Comparison of disorder predictors in terms of (A) ROC curve and (B) precision-recall curve on CASP8 dataset. The area under ROC curves are given in the plot (A).

https://doi.org/10.1371/journal.pone.0161452.g009

The comparative performances of the predictors on 111 protein chains of the CASP9 dataset are reported in Table 6. This is a highly imbalanced dataset with approximately 10% of the residues as disordered. MCC is regarded as the best measure in evaluating prediction performance on such an imbalanced dataset as it does not favor the over-prediction of the dominating class [29]. DisPredict2 achieved the best MCC and precision (PPV) score on the CASP9 dataset, while ranked 3rd according to ACC and AUC. Conversely, SPINE-D gave the best ACC and AUC. However, it provided 26.5% lower precision than that of DisPredict2. DisPredict2 obtained the 1st position in the final ranking with cumulative score differences of 2 and 4 from Espritz and SPINE-D respectively in 2nd and 3rd position. Moreover, DisPredict2 with PSEE performed 20%, 5.76% and 1.69% better than DisPredict in terms of PPV, MCC and AUC, respectively; with a slightly lower (2.66%) accuracy.

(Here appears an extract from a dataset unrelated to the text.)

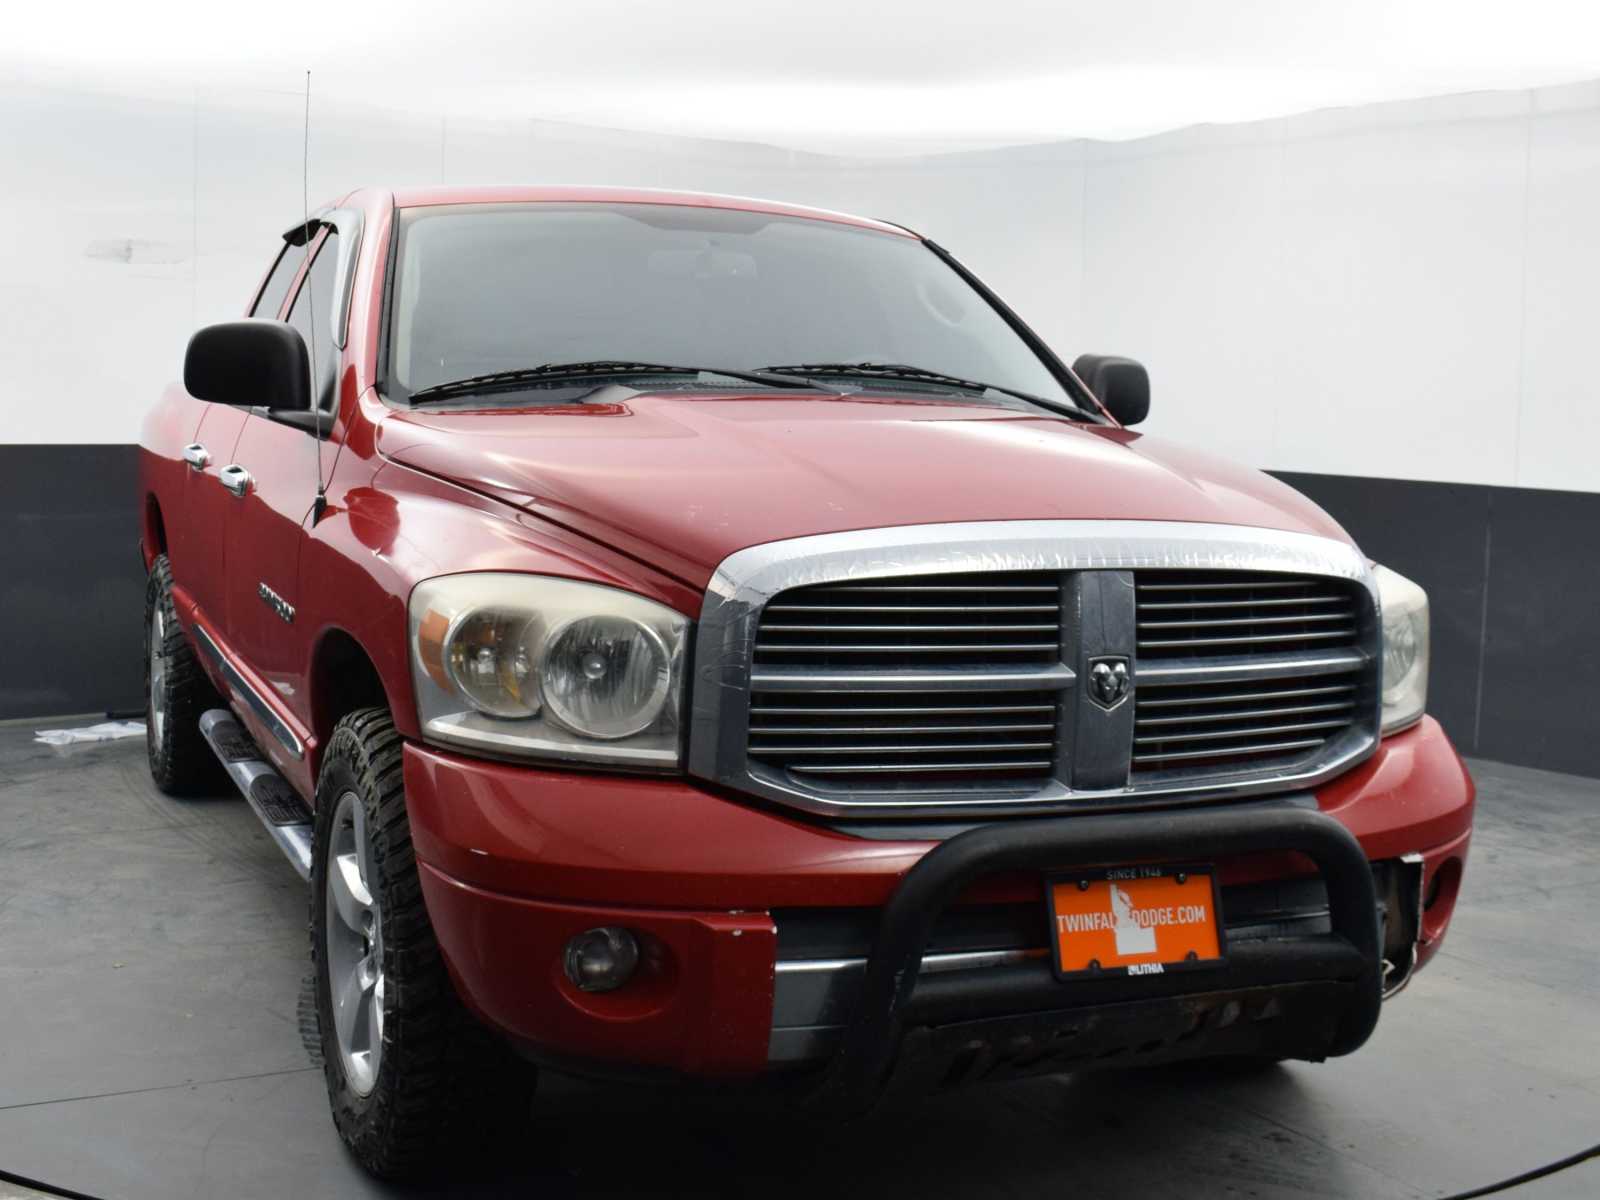 Used 2007 Dodge Ram 1500 Pickup Laramie with VIN 1D7HU18237S220577 for sale in Twin Falls, ID

In Fig 10(A) the ROC curves given by DisPredict2, DisPredict, SPINE-D and Espritz show that they were competitive at different points as a result of different thresholds, whereas SPINE-D resulted in the most consistent precision-recall curve. We observed a sharp drop of precision (PPV) in Fig 10(B) at a very low recall value for SPINE-D, DisPredict and DisPredict2. A precision-recall curve essentially plots the PPV and recall scores of a predictor at different threshold values. Therefore, these drops can be the result of having decreasing PPV values (truly positive results out of total positive test outcomes) at some threshold values. However, the PPV values show an increasing trend afterwards.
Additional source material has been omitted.